The agent promised that Jagmeet would be sent to the US with legal documents. Instead, he was sent to Guyana where his troubles began.

From Guyana, Jagmeet reached Necocli, a town on the Columbia-Panama border.

In the last week of December last year, Joginder received a call from his son. The hysterical son told his father that he was “somewhere in Panama.” He also sent his location after which he became incommunicado.

The police say the location he had sent turned out to be the Darien Gap jungles.

During his conversation, Jagmeet came out with a frightening piece of statistics. He said he had met a group of 300-400 Indian-origin boys, a majority of them Punjabis, in Necocli. “All of them are on their way to the US,” Jagmeet told his father. This was the last chat the father and son had.

The Pathankot police have registered a case against agent Parminder Singh and his wife.

Boys who have reached the US after traveling through the Darien Gap say a week’s time is the break-even point. “Thereafter, sickness sets in the body of even the sturdiest and strongest of young men.
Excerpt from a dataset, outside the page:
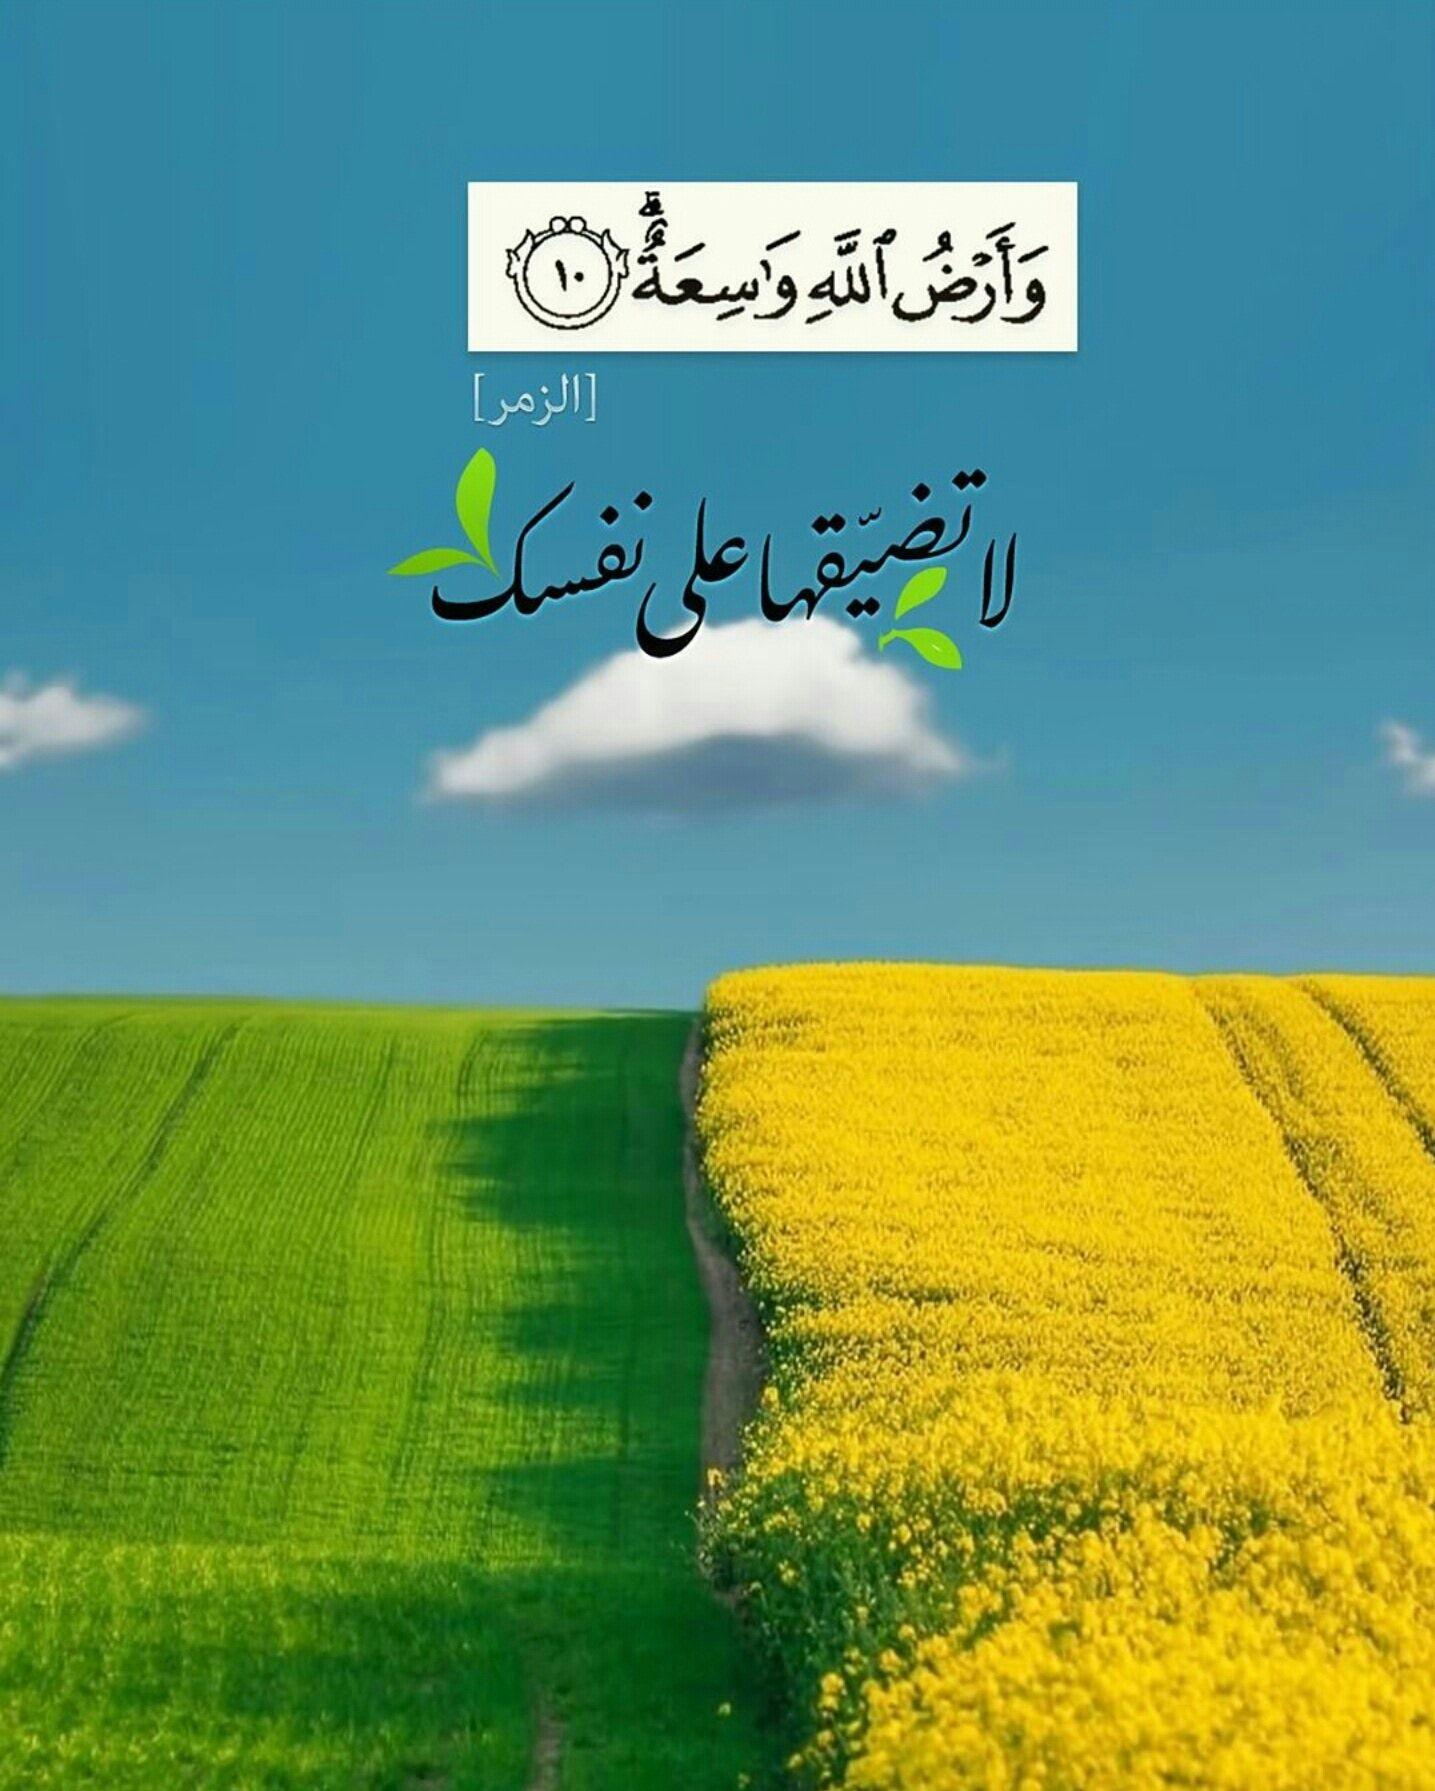 Pin By صورة و كلمة On مواعظ خواطر إسلامية Islamic Messages Islamic Quotes Poster

Strength slowly oozes out of the body and not many survive the ordeal,” they maintain.

The reason attributed to this exodus is the falling income of Punjabi households and the all-pervasive drug crisis. Youngsters like Jagmeet who belong to marginal farming families are unable to get jobs and hence opt for a better life abroad.

SSP Daljinder Singh Dhillon says the police are doing everything to ensure the boy returns home.